Changing the business model "means moving from a grand-slam mentality -- creating a handful of drugs that can generate annual sales of $1 billion or more each -- to one that emphasizes singles, doubles, and occasional triples," wrote Hamermesh, who chairs the school's initiative to improve the effectiveness of leadership in health care organizations.
Weissman's travails also illustrate another challenge to quick profitability: It can take a long time to learn whether a stem cell therapy against cancer is truly effective.
And it's a cautionary lesson about selling out too soon.

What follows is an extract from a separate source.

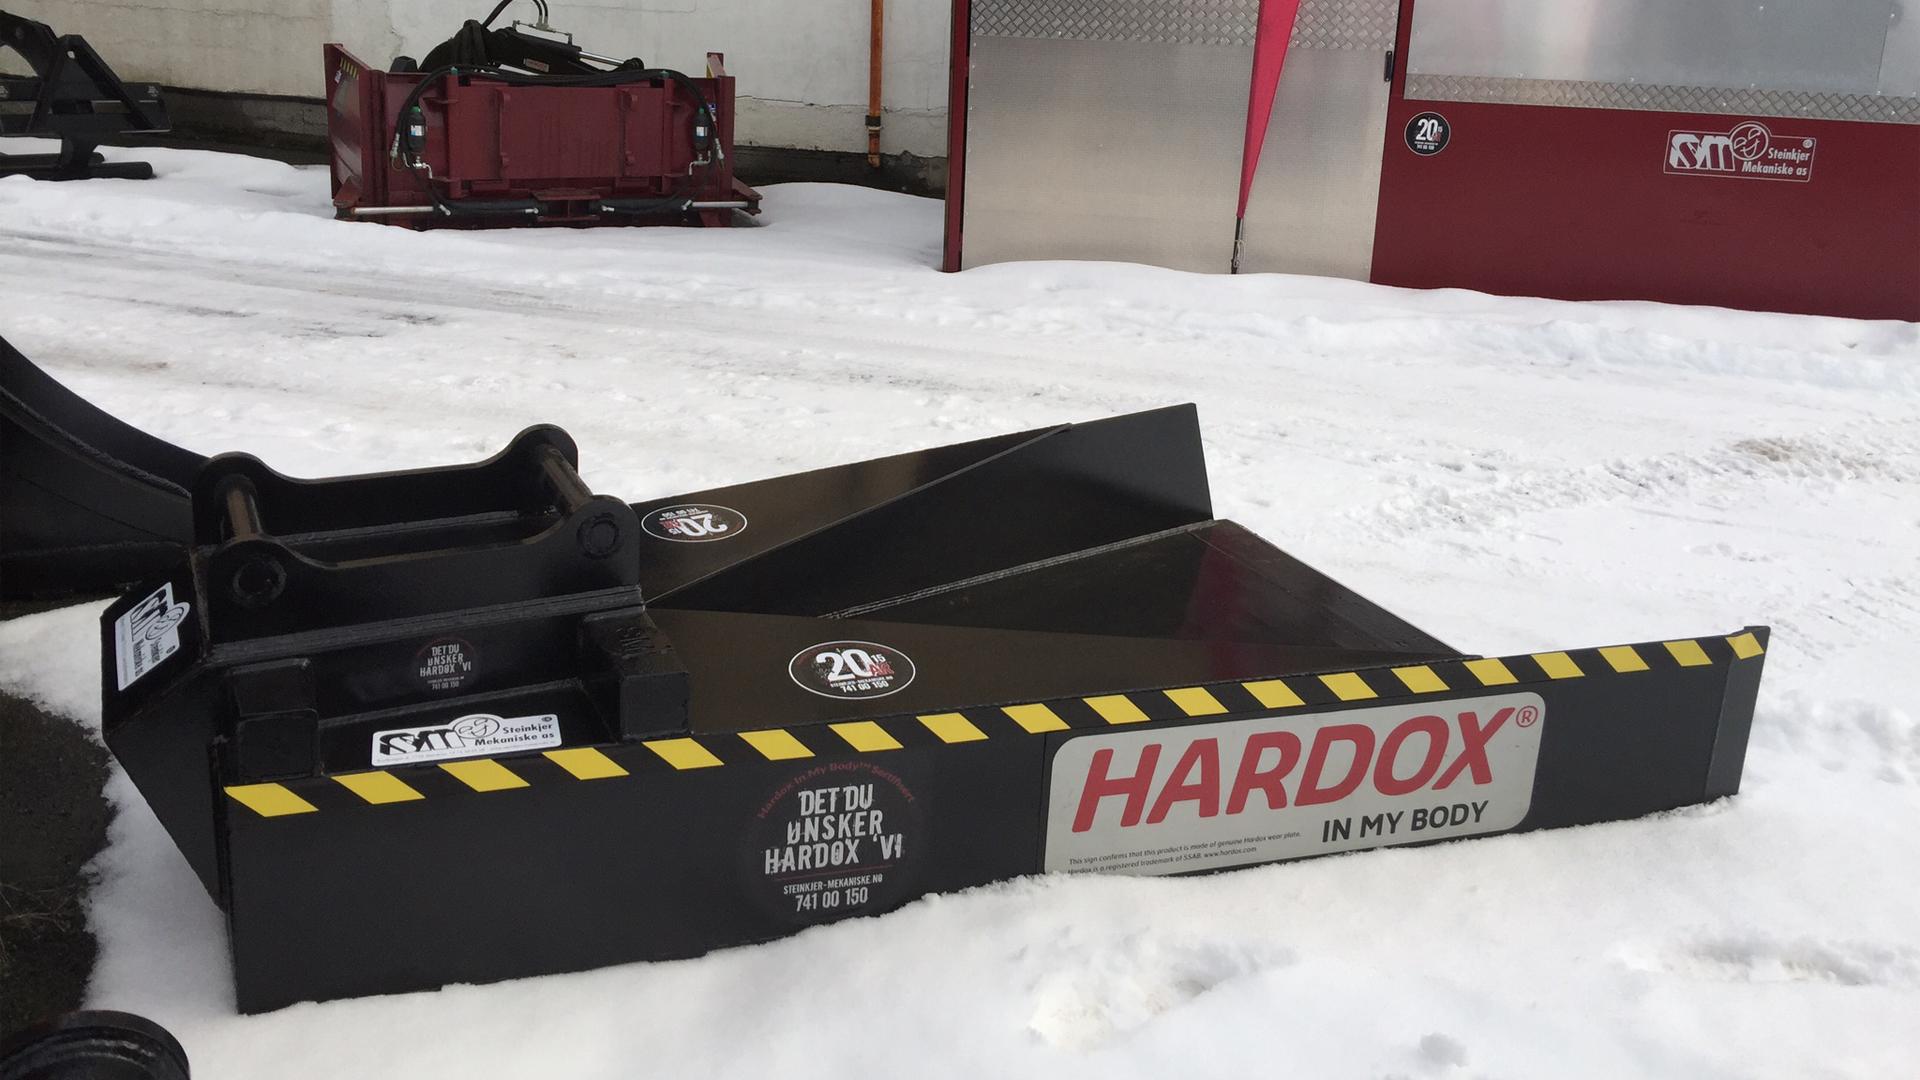 Steinkjer Mekaniske AS ~ NYE Kantrenskskjæret i Hardox 450 Stål

"We think that there is an advantage to keeping it under the experience of the academic people who did the discovery, to translate it from bench to bedside with a higher probability of success, compared to commercial spinoff where you don't have control," said Dr. Maria Grazia Roncarolo, a stem cell expert brought to Stanford to lead efforts in fast-tracking stem cell therapy to patients.
"Once you prove efficacy, Big Pharma cannot put it on the shelf," she said. "But you need to prove efficacy before you give it away."
Weissman felt success slipping through his fingers.
"When we developed the method and isolated human blood-forming stem cells, we were on track to deliver cancer-free blood stem cells to patients with a variety of cancers, including metastatic and aggressive breast cancers, lymphoma patients and myeloma patients," he said.
In late 2000, Weissman and Shizuru convinced Novartis to license key technologies to his new company, Cellerant. But research funding was halted because of tepid investor interest.
"Well before the launch of the War on Cancer, the corporate profit motive has driven the cancer research agenda," said Karuna Jaggar, executive director of the Breast Cancer Action, a San Francisco-based patient advocacy group. "Time and again, history has shown that it is not only the possibility of saving lives but the potential of making money that has steered the research agenda toward some areas -- and away from others.
"As long we have a health care system that puts patients before profits we will always be at the mercy of corporations looking to make profits. Any new innovation needs to be evidence-based and proven safe and effective no matter what money is to or is not to be made," she said.
Now, a quarter-century after it was conceived, the technique is finally back in Weissman's hands at Stanford -- although Novartis still holds the patent.
At age 74, he is helping plan the study needed to more definitively prove its effectiveness -- and get it to desperately ill women.
"We will take it forward in a nonprofit setting," Weissman said.